Книга Идти бестрепетно, страница 38. Автор книги Евгений Водолазкин

Разделитель для чтения книг в онлайн библиотеке

Онлайн книга «Идти бестрепетно»

Cтраница 38

Обдумывая после свои ответы (говорят, это лучше делать до), я нашел в них следы упрощенчества и некоторой даже однобокости. Так, несмотря на хорошее состояние литературоведения и литературы, есть в нашей жизни, прямо скажем, непушкинские сферы. Не достигает наша действительность высот русского слова, да и с идеей процветания не соотносится. Возникает подозрение, что есть на свете вещи, перефразируя писателя Данилова, поважнее литературоведения.

Да и в смысле отражения нашей души тоже есть подумать о чем. Душу Пушкин, конечно, отражает. А кто отражает то, чем эта душа окружена, – загаженные парадные, разбитые дороги, безумные ток-шоу и сериалы? Трудно в такой обстановке процвести. И душу, отраженную Пушкиным, сохранить трудно.

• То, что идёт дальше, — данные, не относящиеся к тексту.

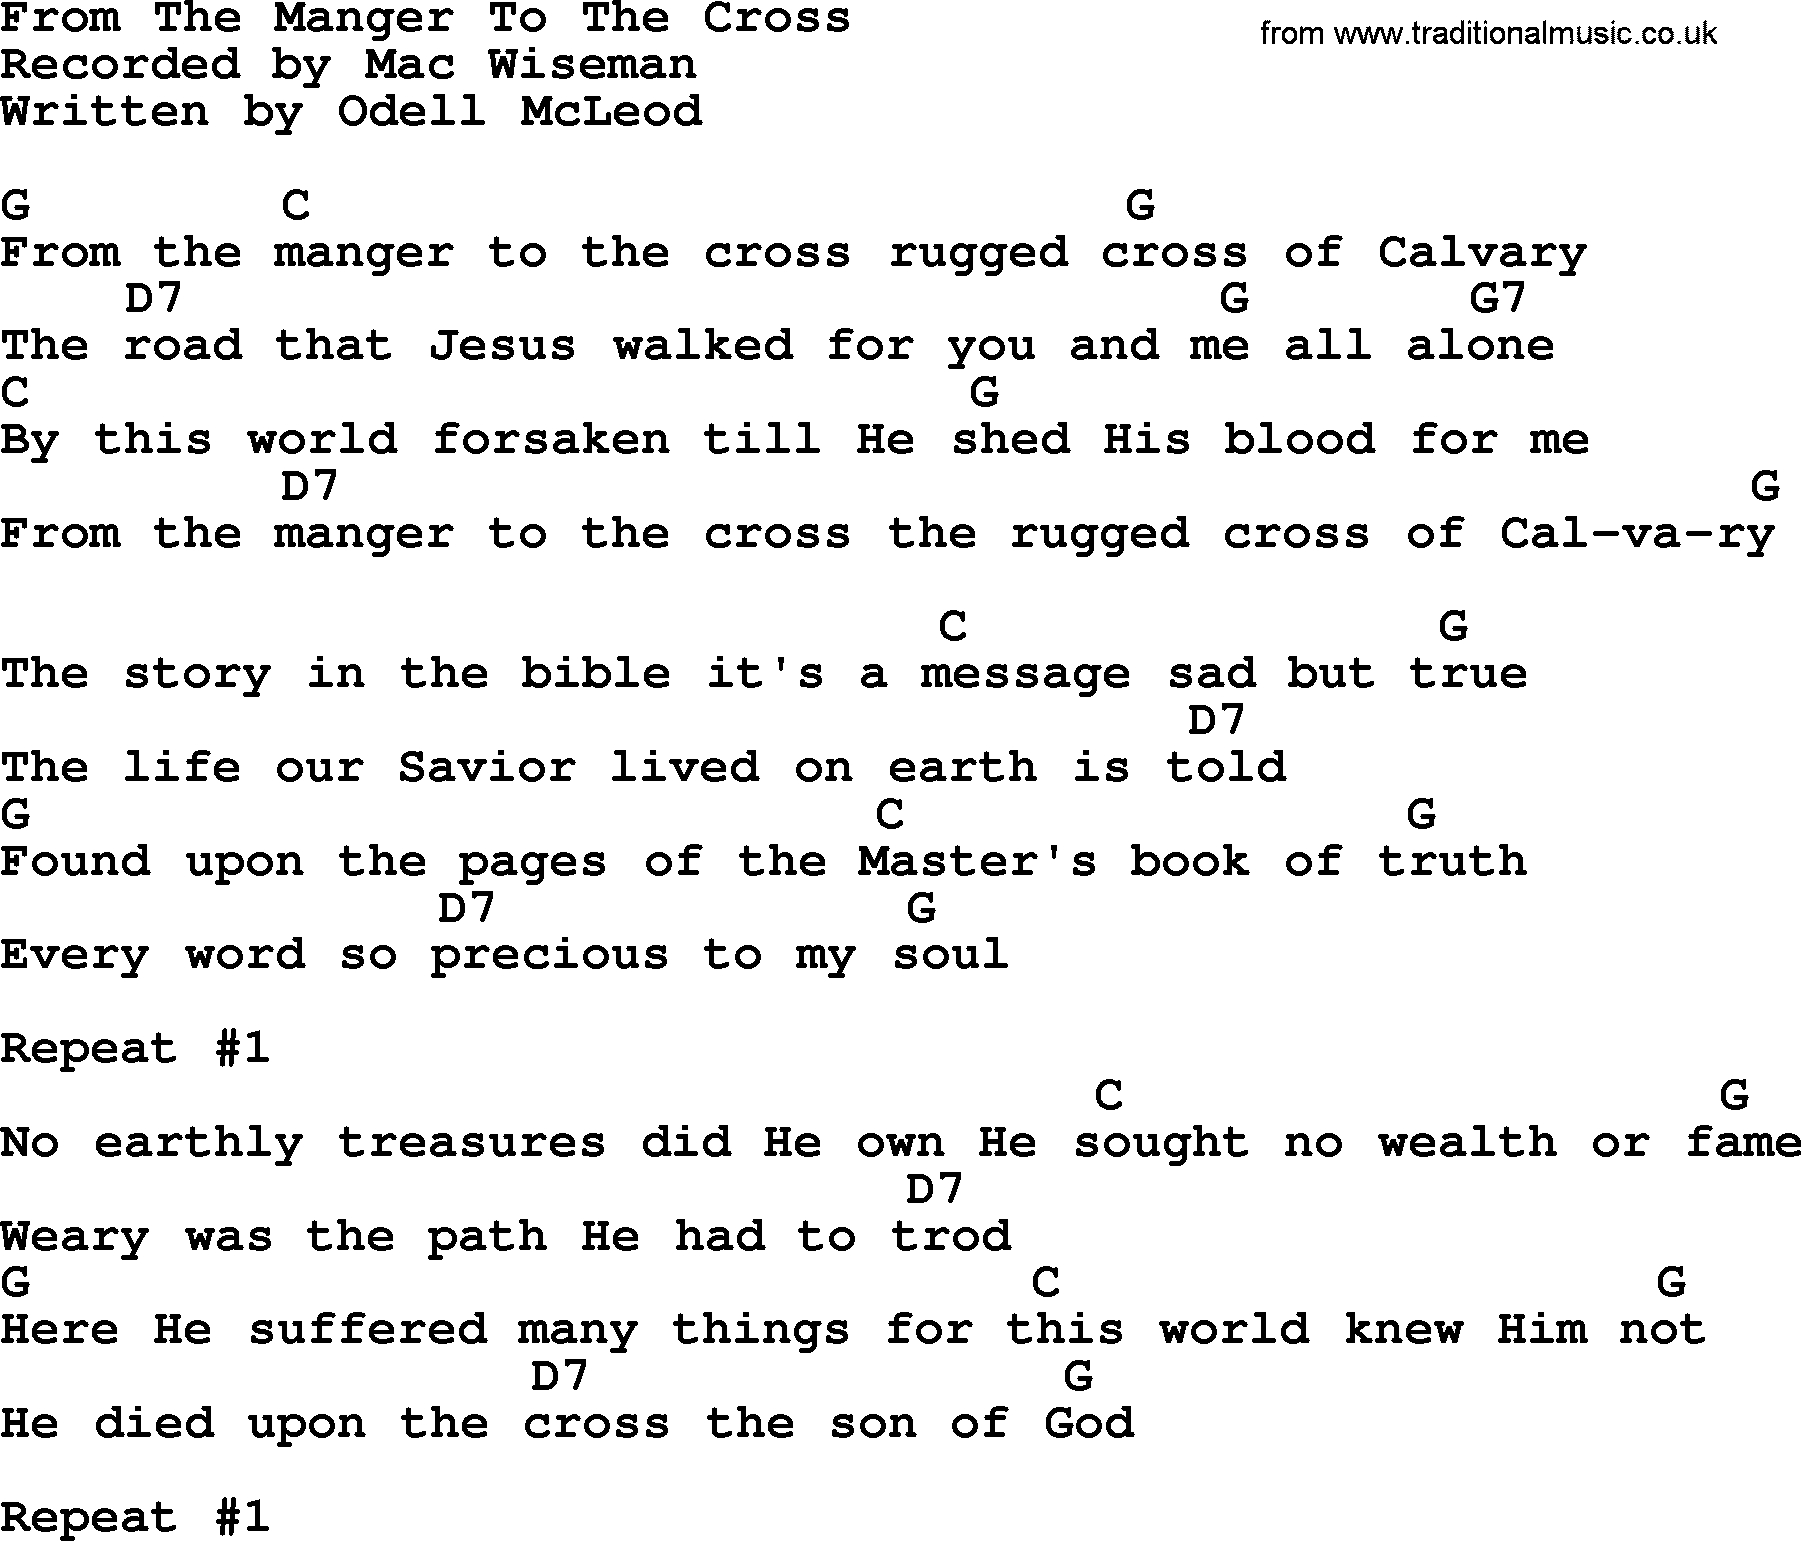 Lead Me To The Cross Chords From The Manger To The Cross Bluegrass Lyrics With Chords

Есть ли надежда? Есть. Как ни странно, она связана опять-таки с Пушкиным – об этом говорит народная мудрость. Всякий раз, когда начинается выяснение того, кто именно должен выполнить ту или иную работу, возникает это имя. Кто будет мыть парадное – Пушкин? А кто чинить дорогу?

В этом состоит наше особое отношение к поэту. Кто-нибудь слышал, чтобы испанцы в таких случаях апеллировали к Сервантесу? Или англичане – к Байрону? Пропустил однажды вратарь Канн четыре мяча в Петербурге – что-то я не помню, чтобы на ворота «Баварии» (кто за вас, Оливер, будет играть?) предлагали поставить Гёте. А Пушкина – предлагают. Вместо каждого из 11 игроков нынешней сборной.

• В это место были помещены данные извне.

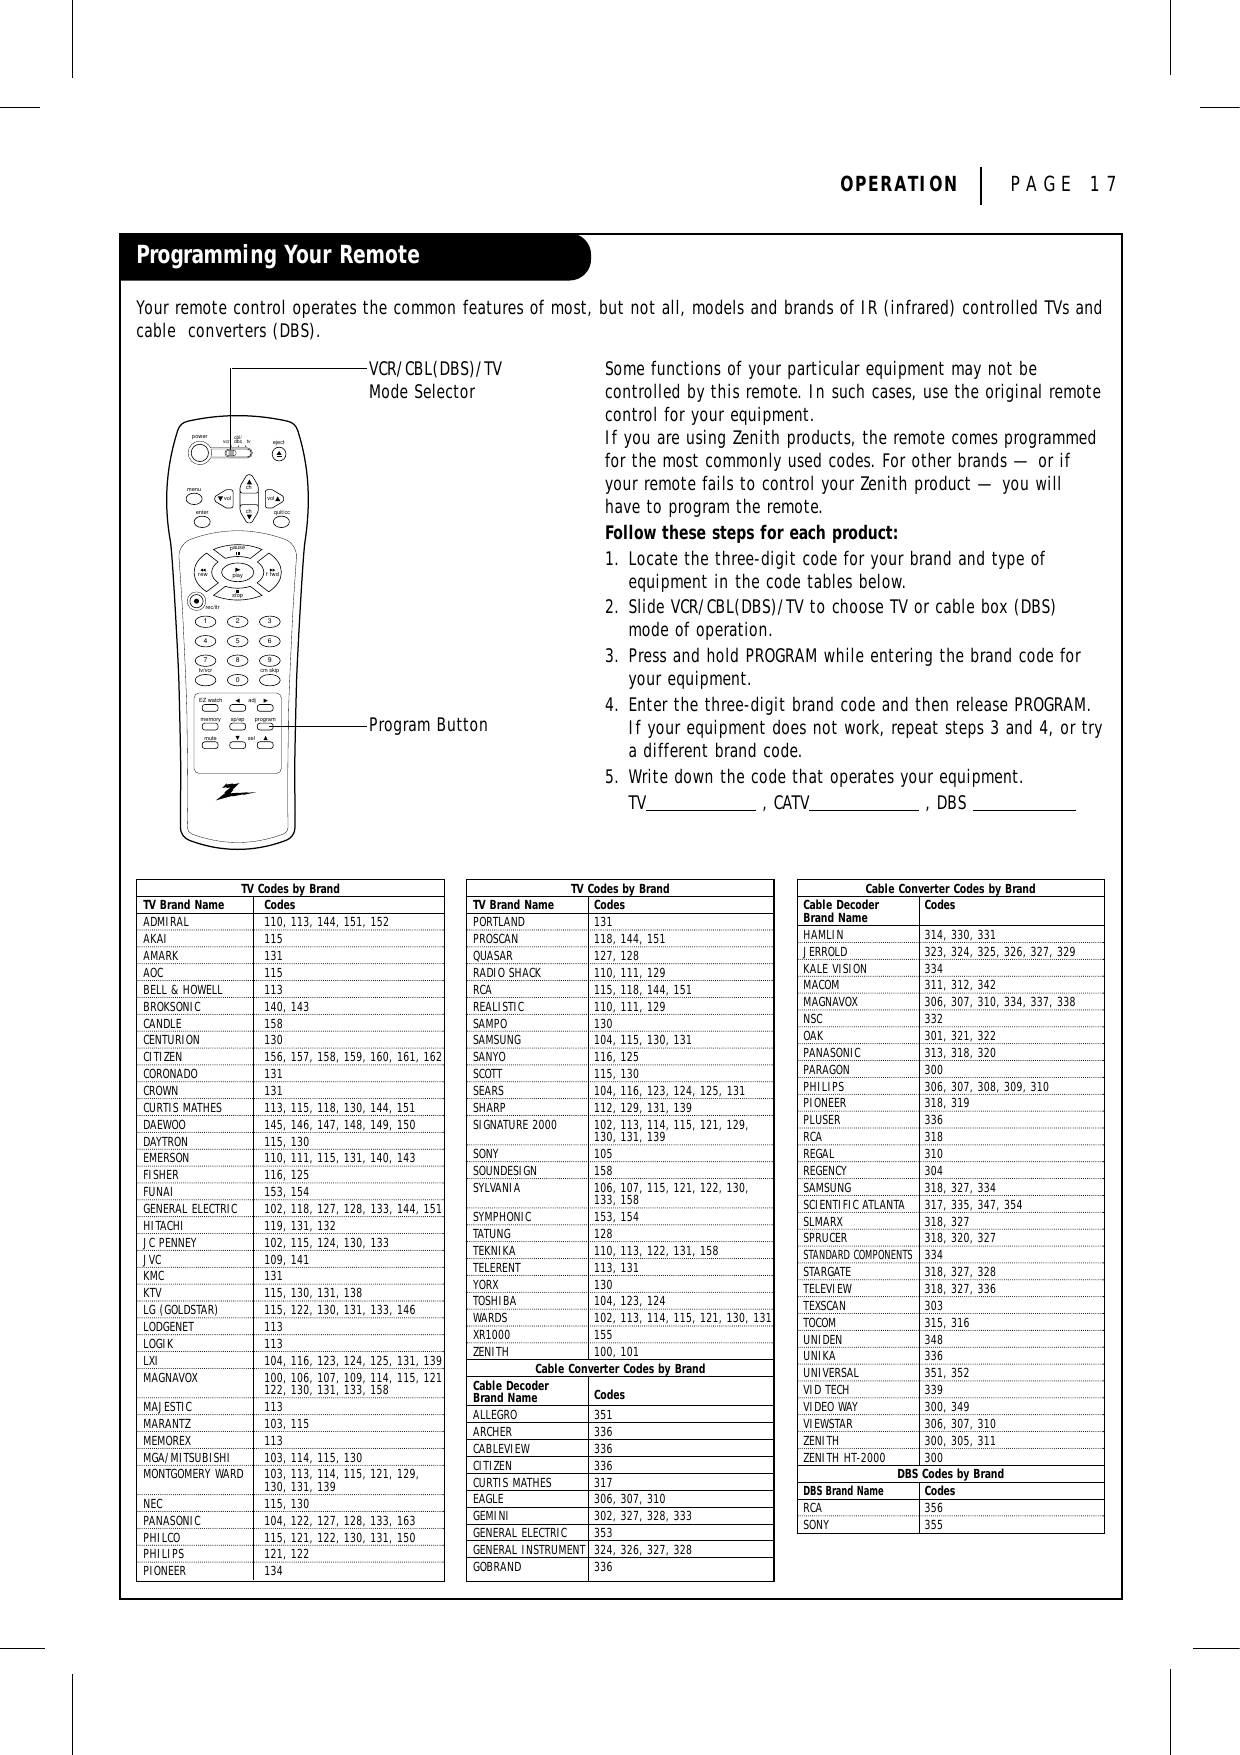 OPERATION  PAGE 17Programming Your RemoteYour remote control operates the common features of most, but not all, models and brands of IR (infrared) controlled TVs andcable  converters (DBS).Some functions of your particular equipment may not be controlled by this remote. In such cases, use the original remotecontrol for your equipment.If you are using Zenith products, the remote comes programmedfor the most commonly used codes. For other brands — or ifyour remote fails to control your Zenith product — you willhave to program the remote.Follow these steps for each product:1. Locate the three-digit code for your brand and type of equipment in the code tables below.2. Slide VCR/CBL(DBS)/TV to choose TV or cable box (DBS)mode of operation.3. Press and hold PROGRAM while entering the brand code foryour equipment.4. Enter the three-digit brand code and then release PROGRAM.If your equipment does not work, repeat steps 3 and 4, or trya different brand code.5. Write down the code that operates your equipment.TV , CATV , DBS vcr cbl/dbs tvpower ejectchchvolvolmenuenter quit/ccrec/itr123456789tv/vcradjEZ watch0cm skipsp/ep programselmemorymutepausestopplayrew f fwdVCR/CBL(DBS)/TVMode SelectorProgram ButtonTV Codes by BrandTV Brand Name CodesADMIRAL 110, 113, 144, 151, 152AKAI 115AMARK 131AOC 115BELL &amp; HOWELL 113BROKSONIC 140, 143CANDLE 158CENTURION 130CITIZEN 156, 157, 158, 159, 160, 161, 162CORONADO 131CROWN 131CURTIS MATHES 113, 115, 118, 130, 144, 151DAEWOO 145, 146, 147, 148, 149, 150DAYTRON 115, 130EMERSON 110, 111, 115, 131, 140, 143FISHER 116, 125FUNAI 153, 154GENERAL ELECTRIC 102, 118, 127, 128, 133, 144, 151HITACHI 119, 131, 132JC PENNEY 102, 115, 124, 130, 133JVC 109, 141KMC 131KTV 115, 130, 131, 138LG (GOLDSTAR) 115, 122, 130, 131, 133, 146LODGENET 113LOGIK 113LXI 104, 116, 123, 124, 125, 131, 139MAGNAVOX 100, 106, 107, 109, 114, 115, 121122, 130, 131, 133, 158MAJESTIC 113MARANTZ 103, 115MEMOREX 113MGA/MITSUBISHI 103, 114, 115, 130MONTGOMERY WARD 103, 113, 114, 115, 121, 129, 130, 131, 139NEC 115, 130PANASONIC 104, 122, 127, 128, 133, 163PHILCO 115, 121, 122, 130, 131, 150PHILIPS 121, 122PIONEER 134TV Codes by BrandTV Brand Name CodesPORTLAND 131PROSCAN 118, 144, 151QUASAR 127, 128RADIO SHACK 110, 111, 129RCA 115, 118, 144, 151REALISTIC 110, 111, 129SAMPO 130SAMSUNG 104, 115, 130, 131SANYO 116, 125SCOTT 115, 130SEARS 104, 116, 123, 124, 125, 131SHARP 112, 129, 131, 139SIGNATURE 2000 102, 113, 114, 115, 121, 129, 130, 131, 139SONY 105SOUNDESIGN 158SYLVANIA 106, 107, 115, 121, 122, 130, 133, 158SYMPHONIC 153, 154 TATUNG 128TEKNIKA 110, 113, 122, 131, 158TELERENT 113, 131YORX 130TOSHIBA 104, 123, 124WARDS 102, 113, 114, 115, 121, 130, 131XR1000 155ZENITH 100, 101Cable Converter Codes by BrandCable Decoder CodesBrand Name ALLEGRO 351ARCHER 336CABLEVIEW 336CITIZEN 336CURTIS MATHES 317EAGLE 306, 307, 310GEMINI 302, 327, 328, 333GENERAL ELECTRIC 353GENERAL INSTRUMENT 324, 326, 327, 328GOBRAND 336Cable Converter Codes by BrandCable Decoder CodesBrand Name HAMLIN 314, 330, 331JERROLD 323, 324, 325, 326, 327, 329KALE VISION 334MACOM 311, 312, 342MAGNAVOX 306, 307, 310, 334, 337, 338NSC 332OAK 301, 321, 322PANASONIC 313, 318, 320PARAGON 300PHILIPS 306, 307, 308, 309, 310PIONEER 318, 319PLUSER 336RCA 318REGAL 310REGENCY 304SAMSUNG 318, 327, 334SCIENTIFIC ATLANTA 317, 335, 347, 354SLMARX 318, 327SPRUCER 318, 320, 327STANDARD COMPONENTS334STARGATE 318, 327, 328TELEVIEW 318, 327, 336TEXSCAN 303TOCOM 315, 316UNIDEN 348UNIKA 336UNIVERSAL 351, 352VID TECH 339VIDEO WAY 300, 349VIEWSTAR 306, 307, 310ZENITH 300, 305, 311ZENITH HT-2000 300DBS Codes by BrandDBS Brand NameCodesRCA 356SONY 355

Нужно признать, что Пушкин известен за границей не всем. Есть немецкий анекдот о том, как беседуют два соседа – образованный Ганс и необразованный Курт.

– О чем тебе говорит имя Пушкин? – спрашивает Ганс.

– Это название водки, – отвечает Курт. – Она продается в нашем супермаркете.

Ганс хохочет.

– До чего же ты, Курт, серый. Пушкин – это великий русский поэт.

Курт обиженно сопит.

– Ганс, а что тебе говорит имя Майер? – спрашивает он после паузы.

Ганс удивлен.

– Ничего не говорит. А кто такой Майер?

– Майер – это человек, с которым тебе изменяет твоя жена.

Знать о Майере в данном случае вроде бы важнее, чем о Пушкине. Но ведь ревнуем же мы, по слову другого поэта, к Копернику, «его, а не мужа Марьи Иванны, считая своим соперником». Никакого Майера, только Пушкин. Мы слишком многим ему обязаны.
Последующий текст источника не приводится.